ScalaTypesIntegerIntScala Problem Overview
I was working with a variable that I had declared as an Integer and discovered that > is not a member of Integer. Here's a simple example:
scala> i
warning: there were deprecation warnings; re-run with -deprecation for details
res28: Integer = 3
scala> i > 3
<console>:6: error: value > is not a member of Integer
i > 3
^
Compare that to an Int:
scala> j
res30: Int = 3
scala> j > 3
res31: Boolean = false
What are the differences between Integer and Int? I see the deprecation warning but it's unclear to me why it was deprecated and, given that it has been, why it doesn't have a > method.
Scala Solutions
Solution 1 - Scala
"What are the differences between Integer and Int?"
Integer is just an alias for java.lang.Integer. Int is the Scala integer with the extra capabilities.
Looking in Predef.scala you can see this the alias:
/** @deprecated use <code>java.lang.Integer</code> instead */
@deprecated type Integer = java.lang.Integer
However, there is an implicit conversion from Int to java.lang.Integer if you need it, meaning that you can use Int in methods that take an Integer.
As to why it is deprecated, I can only presume it was to avoid any confusion over which kind of integer you were working with.
Solution 2 - Scala
Integer gets imported from java.lang.Integer and is only for compatibility with Java. Since it is a Java class, of course it can't have a method called "<". EDIT: You can mitigate this problem by declaring an implicit conversion from Integer to Int.
implicit def toInt(in:Integer) = in.intValue()
You'll still get deprecation warning though.
Solution 3 - Scala
I think the problem you're seeing has has to do boxing/unboxing of value types and the use of the Java class Integer.

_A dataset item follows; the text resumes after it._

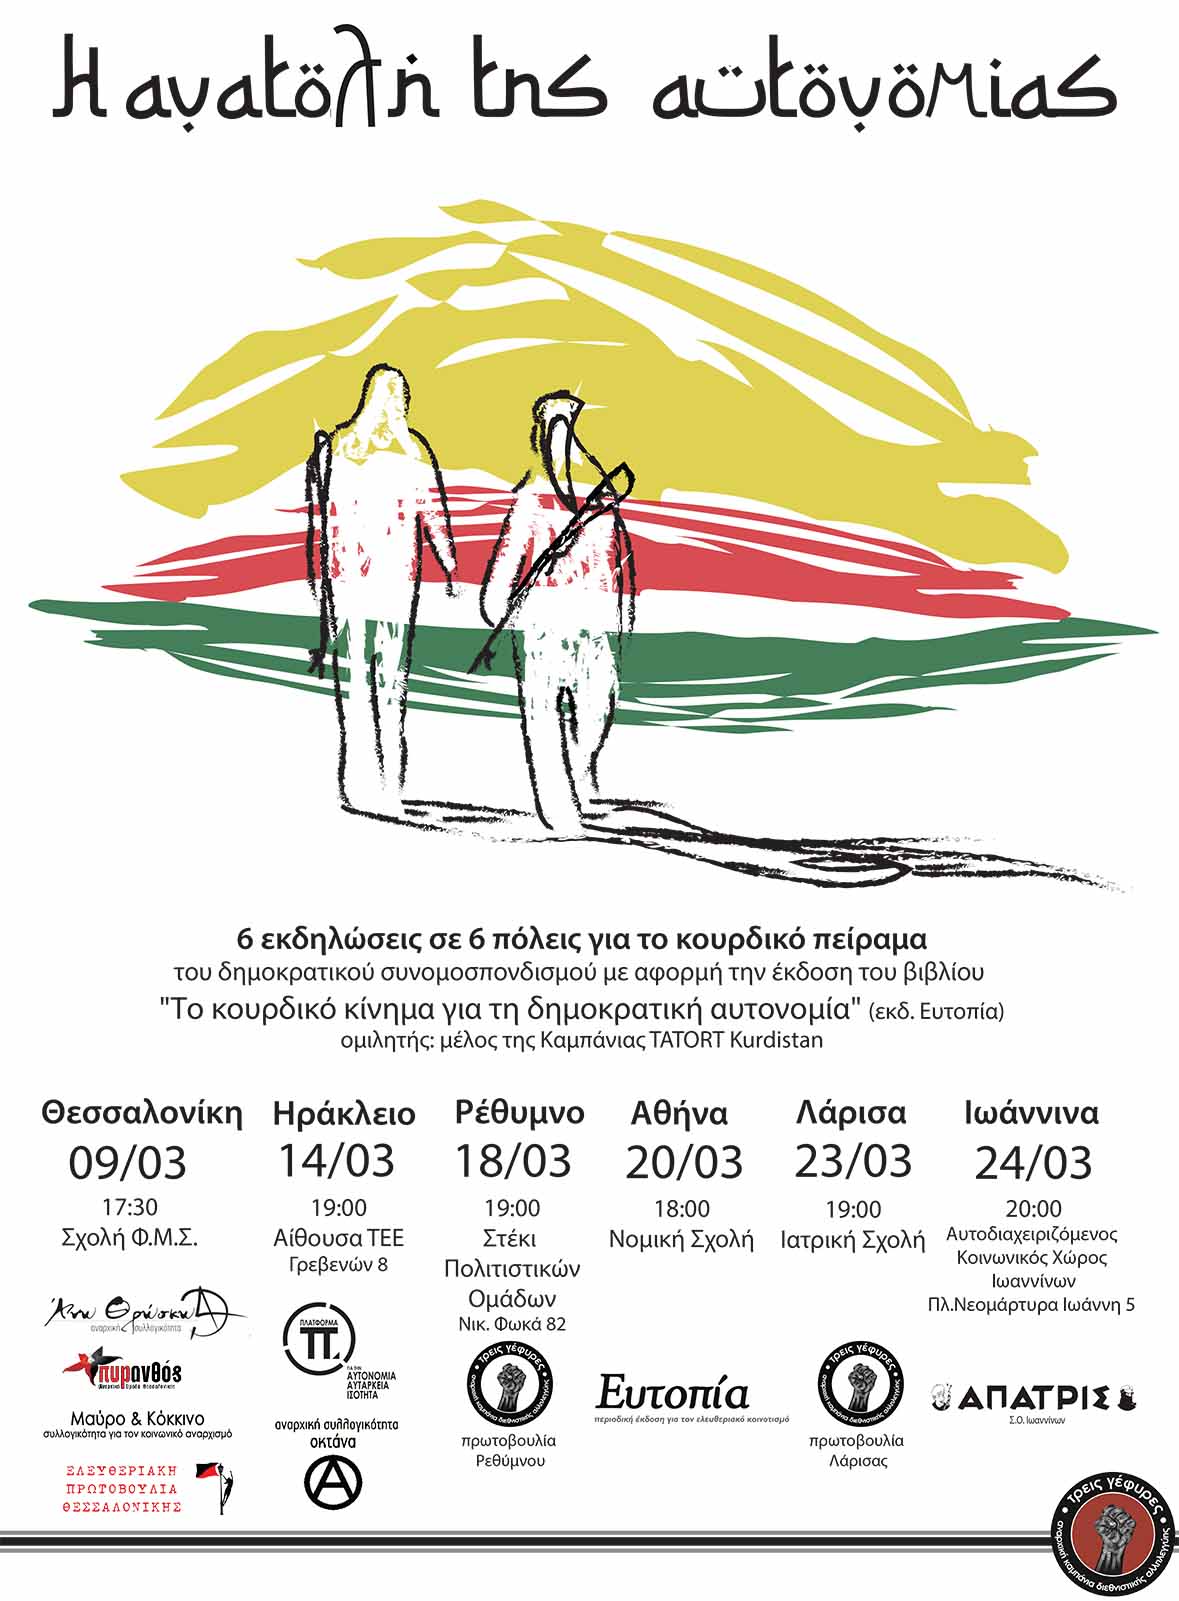 Ηράκλειο: “Η ανατολή της Αυτονομίας” – 13,14 και 15/03 – Τριήμερο εκδηλώσεων αλληλεγγύης στον κουρδικό λαό και τον αγώνα του

I think the answer is here: Boxing and unboxing in Scala. There is no implict unboxing in Scala. You've defined i as the Java class Integer but in the i > 3, the 3 is being treated and an int.
Solution 4 - Scala
Integer is a Java class, java.lang.Integer. It's different from Java's primitive type int, which is not a class. It can't have < defined, because Java does not allow operators to be defined for classes.
Now, you might wonder why such a type exist at all? Well, primitive types cannot be passed as references, so you can't pass an int to a method expecting java.lang.Object, equivalent to Scala's AnyRef, for example. To do that, you put that int inside an Integer object, and then pass the Integer.
Solution 5 - Scala
Integer gets imported from java.lang.Integer and is only for compatibility with Java. Since it is a Java class, of course it can't have a method called "<".
EDIT: You can mitigate this problem by declaring an implicit conversion from Integer to Int.